A chain morphism for Adams operations on rational algebraic K-theory

For any regular noetherian scheme X and every k>0, we define a chain morphism between two chain complexes whose homology with rational coefficients is isomorphic to the algebraic K-groups of X tensored by the field of rational numbers. It is shown that these morphisms induce in homology the Adams operations defined by Gillet and Soule or the ones defined by Grayson.

💡 Research Summary

The paper addresses a long‑standing gap in the theory of algebraic K‑theory: while Adams operations ψₖ on K‑groups are well‑understood at the level of homology—thanks to the constructions of Gillet‑Soule (via weight filtrations and Chern characters) and Grayson (via λ‑operations on chain complexes)—there has been no explicit chain‑level morphism that realizes these operations.
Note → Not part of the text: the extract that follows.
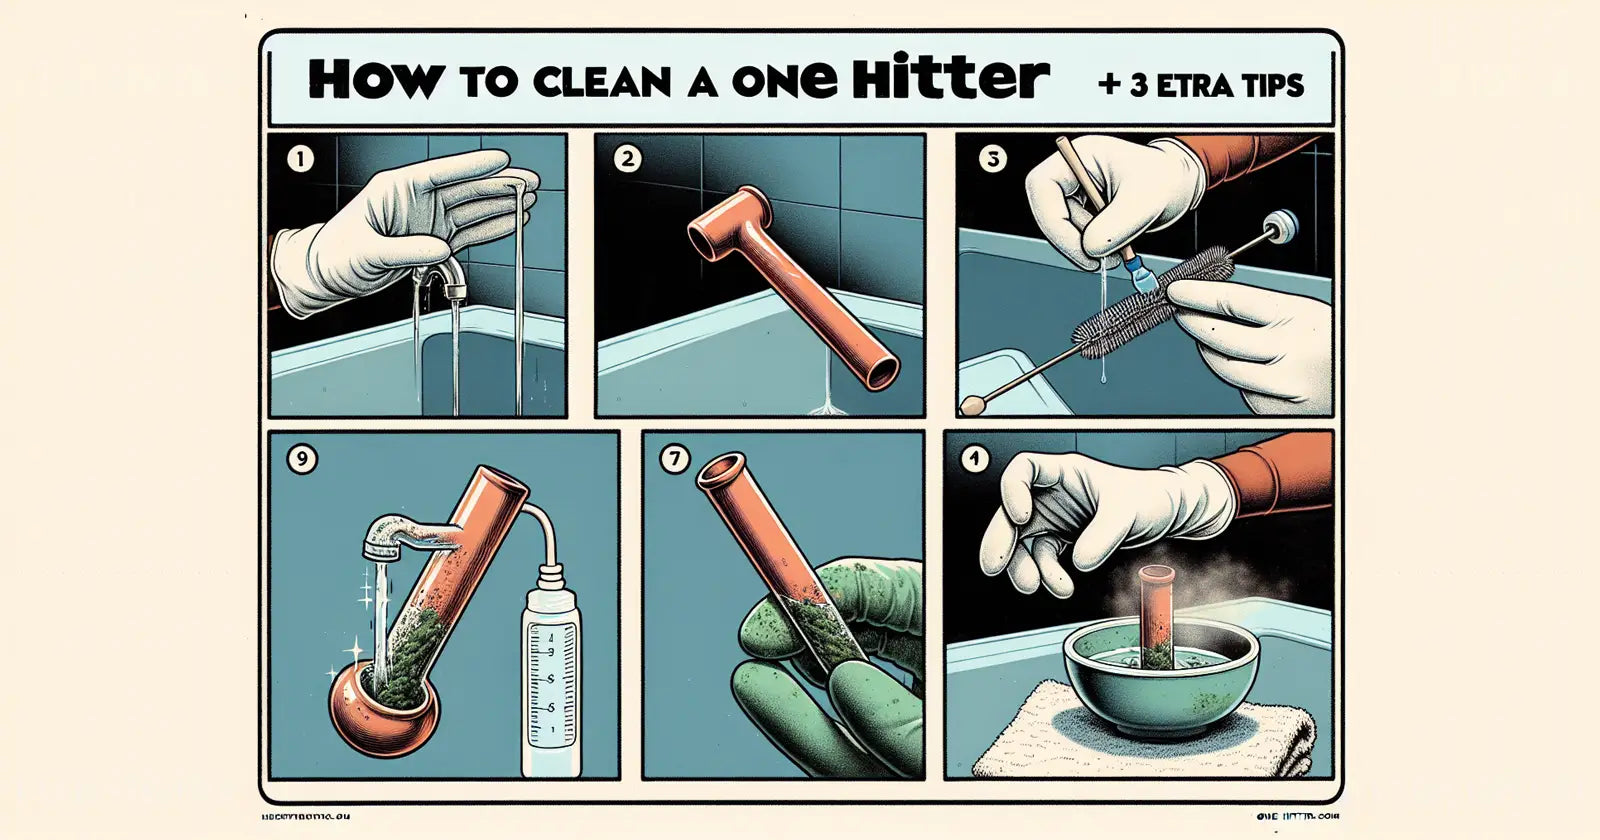 How to clean a one hitter

For a regular Noetherian scheme X and any integer k > 0, the author constructs two rational chain complexes C·(X) and D·(X) whose homology groups are canonically isomorphic to Kₙ(X) ⊗ ℚ. The complex C·(X) is essentially the classical β‑simplicial complex built from locally free sheaves on X, while D·(X) is a modified complex designed to incorporate the λ‑operations that underlie Adams operations.

The central contribution is the definition of a family of maps ψₖⁿ : Cₙ(X) → Dₙ(X) for each degree n. These maps are given explicitly in terms of tensor products of locally free modules and the action of the λ‑operations; the regularity of X guarantees that every coherent sheaf admits a finite locally free resolution, which makes the construction well‑defined. A careful verification shows that the ψₖⁿ commute with the boundary operators, i.e. ∂ ∘ ψₖⁿ = ψₖⁿ⁻¹ ∘ ∂, so that ψₖ becomes a genuine chain morphism ψₖ : C·(X) → D·(X).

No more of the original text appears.